Sam en Astrid liepen door het winkelcentrum. Ze waren er zo doorheen. Er stond een viskraampje, dat nu al bijna helemaal leeg was en waarop alleen nog twee kleine inktvissen lagen, plus een stuk of tien schelpdieren en een klein visje dat er zo afstotelijk uitzag dat niemand vooralsnog de moed had gehad het te kopen.
Het viskraampje was gemaakt van een lange klaptafel die ze uit de schoolkantine hadden gesleept. Er stonden grote plastic bakken op, van die grijze waar normaal gesproken de vuile vaat in werd gezet. Aan de voorkant van de tafel was met plakband een slap kartonnen bordje opgehangen met daarop QUINNS VINTASTISCHE VIS. Daaronder stond met kleinere letters: EEN ALBERCO-ONDERNEMING.
‘Wat is dat voor vis, denk je?’ vroeg Sam aan Astrid. Die tuurde onderzoekend naar het beest in kwestie. ‘Volgens mij behoort die tot de soort Pisces Noneetbarus,’ zei ze.
‘O ja?’ Sam trok een grimas. ‘Denk je dat we die kunnen eten?’
Astrid slaakte een overdreven zucht. ‘Pisces Noneetbarus? Oneetbaar? Grapje, hallo. Je moet wel je best blijven doen, Sam. Die was echt te simpel.’
Sam glimlachte. ‘Maar een echt genie zou geweten hebben dat ik het niet zou snappen. Ergo: je bent geen echt genie. Ja, je hoort het goed: ik gooide er even een “ergo” tussendoor.’

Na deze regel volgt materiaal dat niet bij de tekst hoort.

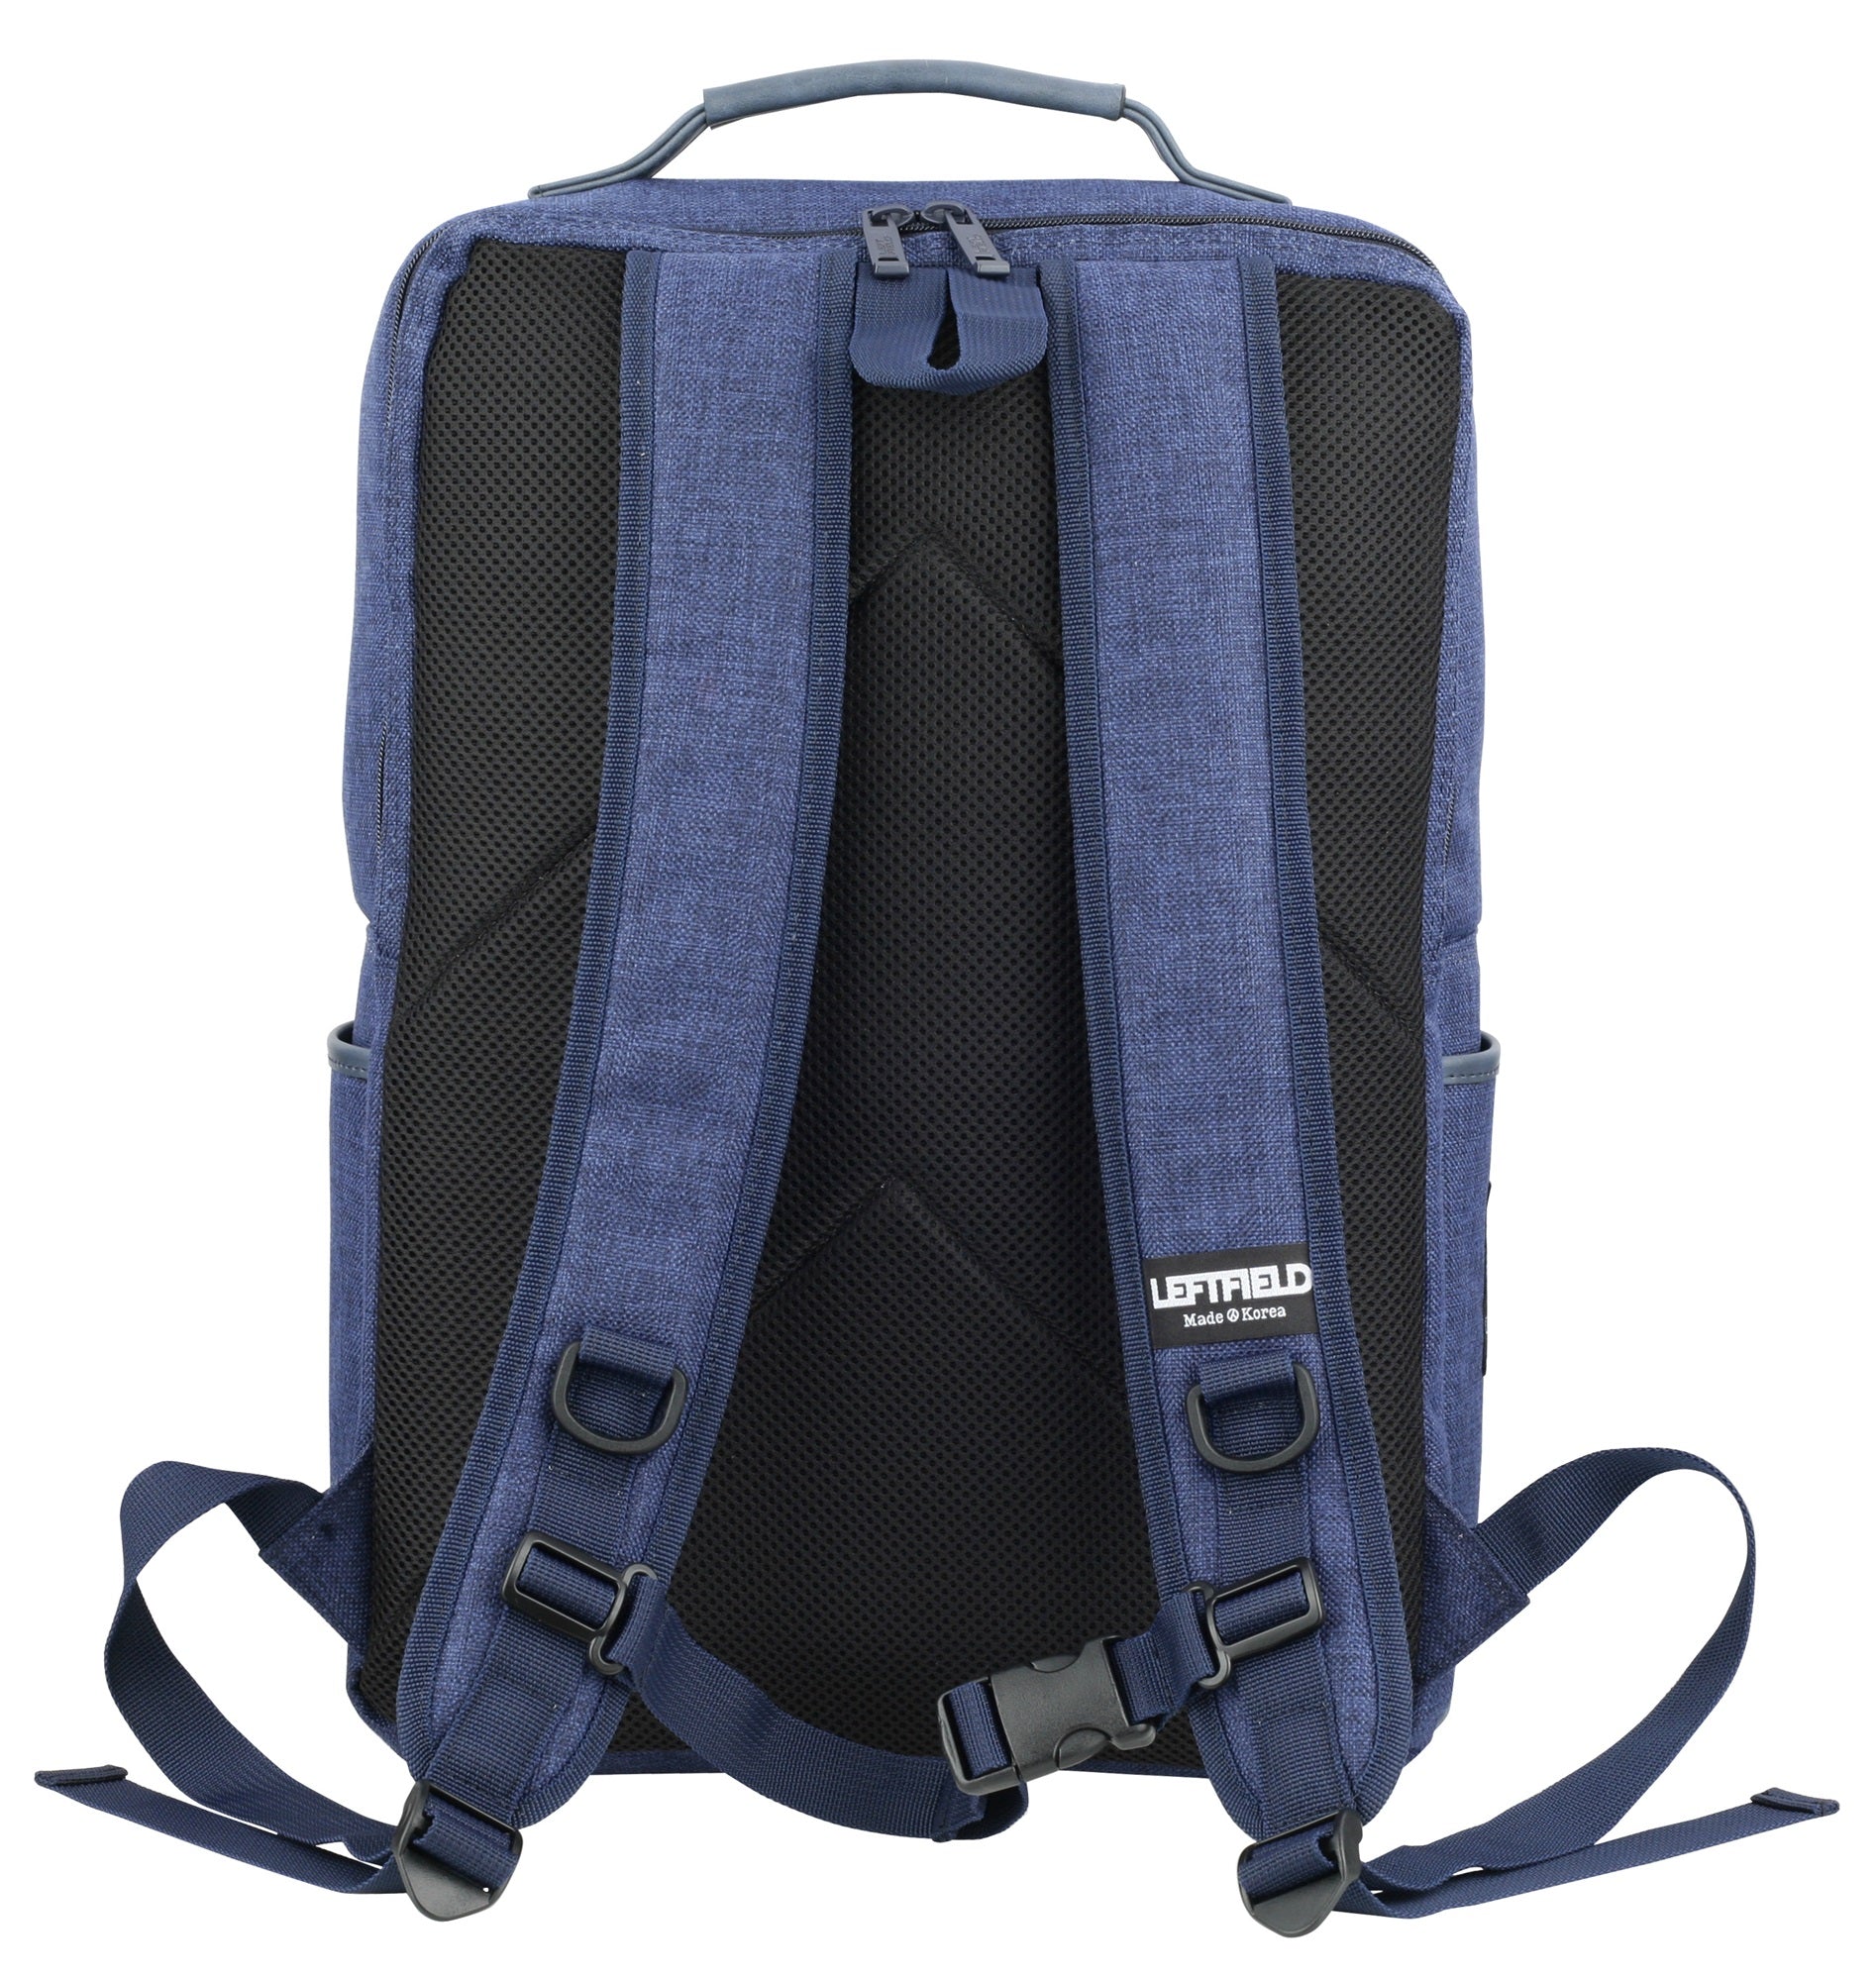 Blue Canvas Casual Laptop Daypack School Backpacks
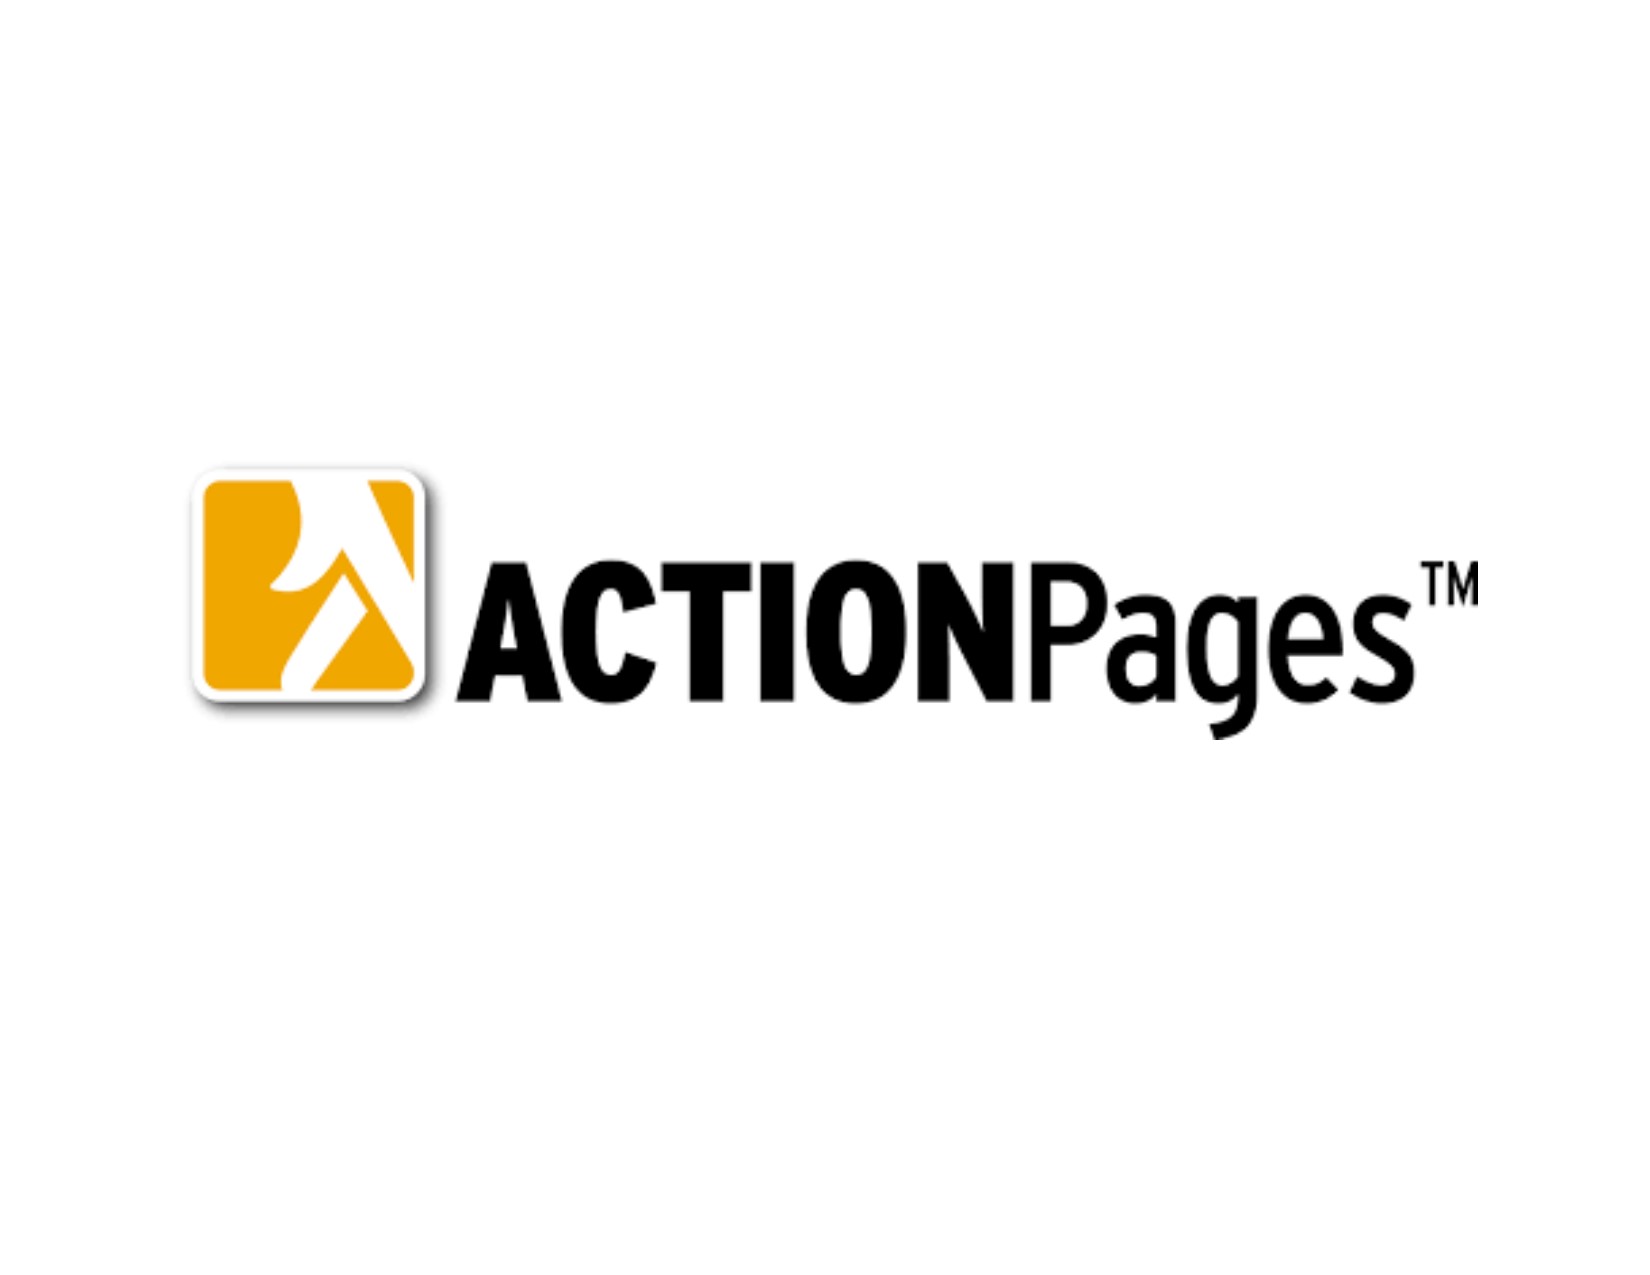 ActionPages

Ze keek hem medelijdend aan. ‘Heel indrukwekkend, Sam. Vooral voor een jongen die tweeëntwintig verschillende betekenissen voor het woord “gast” heeft.’
Sam bleef staan, pakte haar arm en draaide haar naar zich toe. Hij trok haar dicht tegen zich aan. ‘Gast,’ fluisterde hij in haar oor.
‘Goed dan, drieëntwintig,’ verbeterde Astrid. Ze duwde hem weg. ‘Ik moet boodschappen doen. Wil je eten of wil je… gasten?’
‘Gasten. Altijd.’
Ze keek hem streng aan. ‘Ga je me nog vertellen waarom je vanochtend onder de modder zat?’
‘Ik struikelde en toen ben ik gevallen. Ik ben in het donker over mijn eigen voeten gestruikeld toen ik opeens dat meisje zag, Jill.’ Het was niet echt gelogen. Het was een deel van de waarheid. En hij zou haar de hele waarheid vertellen zodra hij de kans had gekregen om alles op een rijtje te zetten. Het was een vreemde, onrustige nacht geweest en hij had tijd nodig om na te denken en een plan te verzinnen. Je kon altijd veel beter pas naar de raad gaan als je een goed plan had uitgedacht, dan hoefden ze het alleen nog maar goed te keuren en kon hij daarna zijn gang gaan.
Het winkelcentrum stond op het speelplein van de school, want dan konden de jongere kinderen op de toestellen spelen terwijl de oudere kinderen boodschappen deden. Of roddelden. Of elkaar bekeken. Sam merkte dat hij net iets langer naar alle gezichten staarde. Hij verwachtte niet dat Brittney hier echt rondliep. Dat was natuurlijk onzin. Er moest een andere verklaring zijn. Maar toch hield hij alles scherp in de gaten.
Hij moest nog eens goed nadenken over wat hij zou doen als hij echt een dood meisje zou zien lopen. Met dat probleem had hij nog nooit te maken gehad, hoe vreemd het leven in de FAKZ soms ook was.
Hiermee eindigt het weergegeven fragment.